BEGIN STUDY MATERIAL

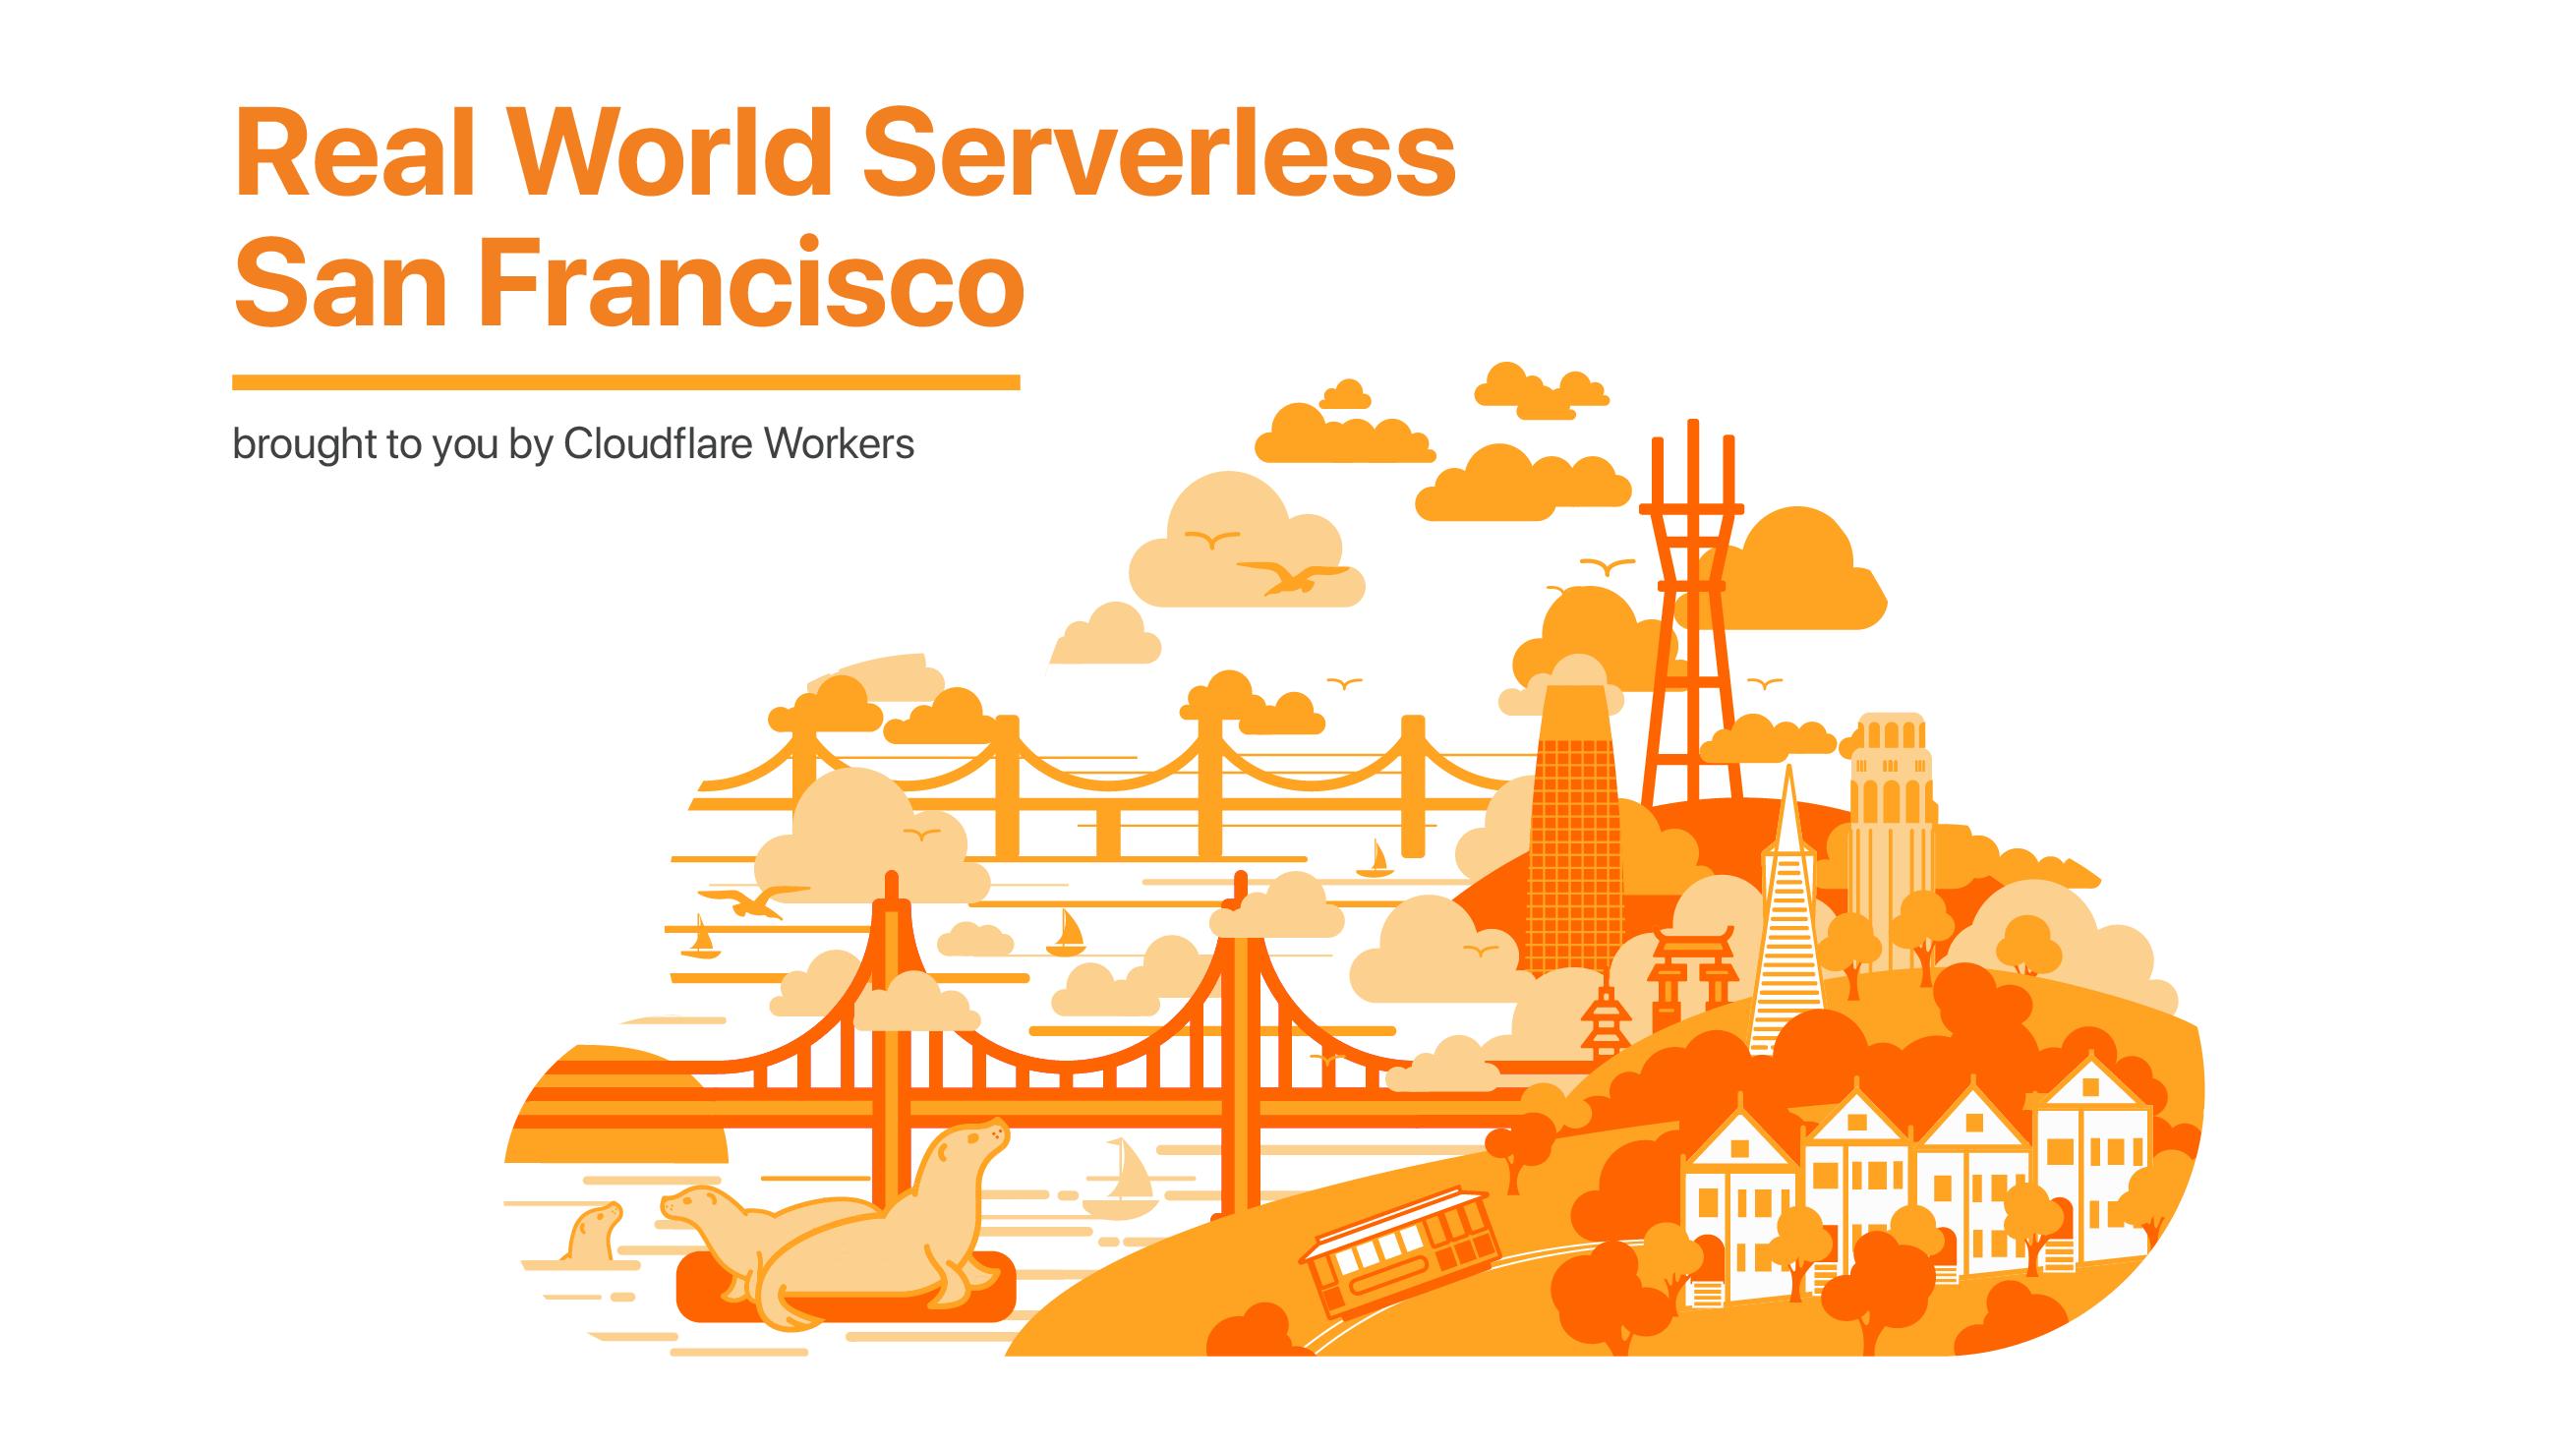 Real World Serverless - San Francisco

END STUDY MATERIAL
BEGIN STUDY MATERIAL

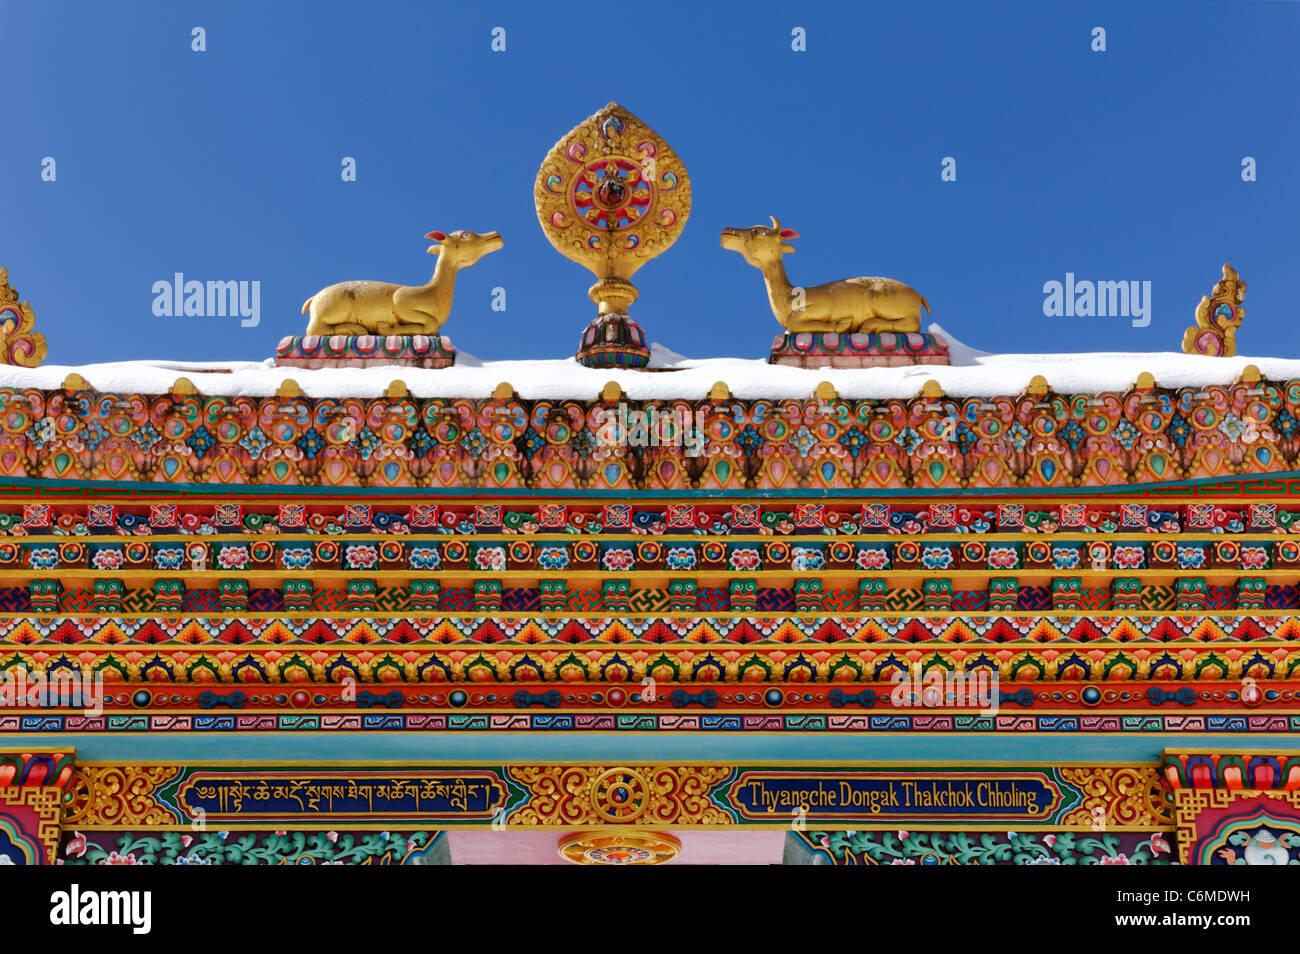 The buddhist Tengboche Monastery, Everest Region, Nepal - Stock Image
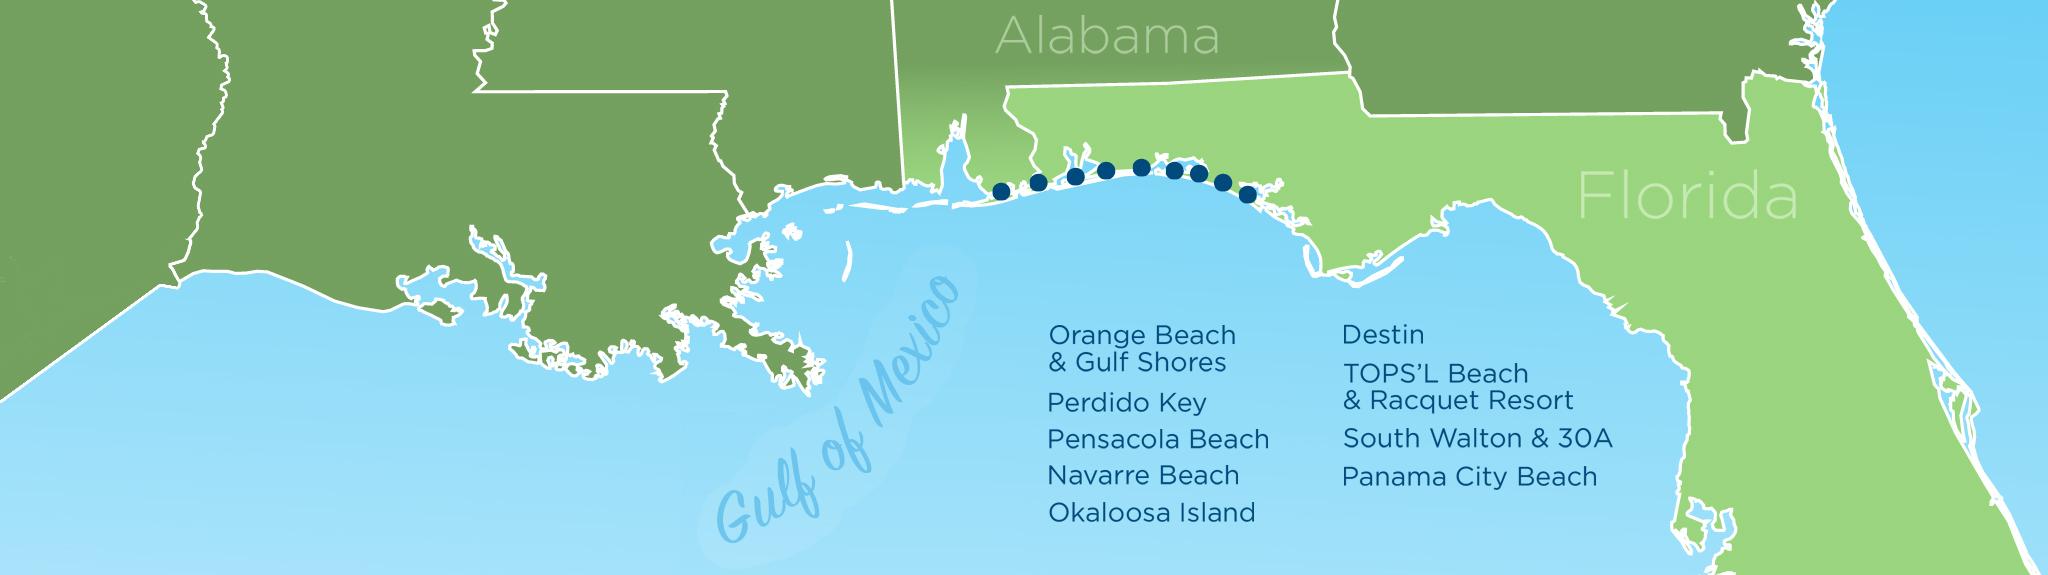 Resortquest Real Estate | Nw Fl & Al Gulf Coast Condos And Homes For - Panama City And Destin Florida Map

END STUDY MATERIAL
BEGIN STUDY MATERIAL

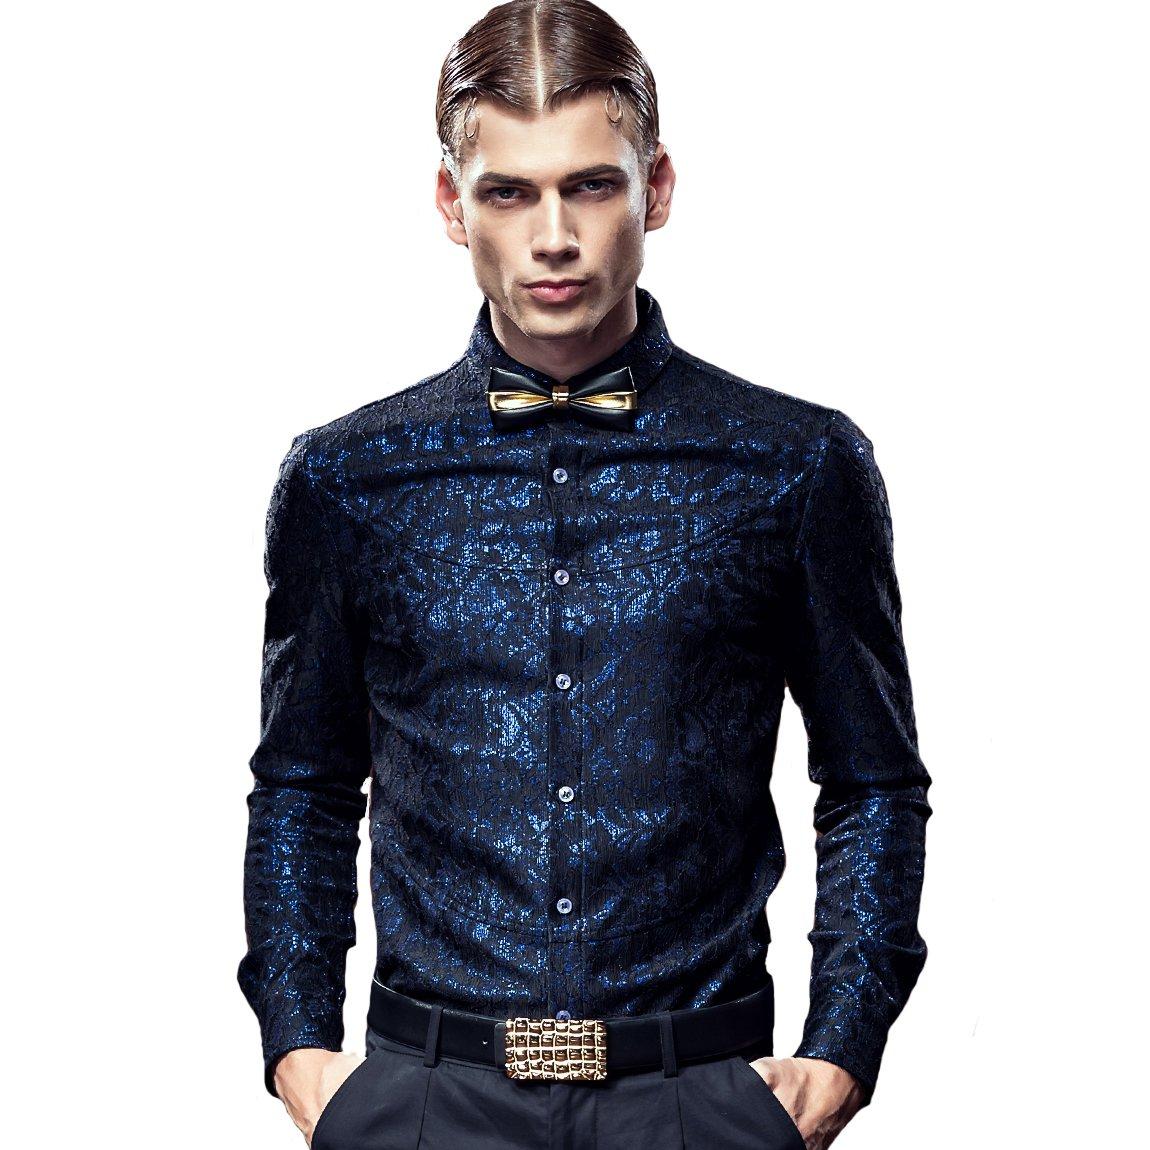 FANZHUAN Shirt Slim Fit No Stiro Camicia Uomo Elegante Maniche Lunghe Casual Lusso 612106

END STUDY MATERIAL

■ WHAT TO WORK ON ■
Quote the data above exactly from the line with "The buddhist Tengboche" to the line with "Resortquest Real Estate", both ends counted, and nothing else. Pictures don't go in.

■ RESPONSE BELOW ■
 The buddhist Tengboche Monastery, Everest Region, Nepal - Stock Image
 Resortquest Real Estate | Nw Fl & Al Gulf Coast Condos And Homes For - Panama City And Destin Florida Map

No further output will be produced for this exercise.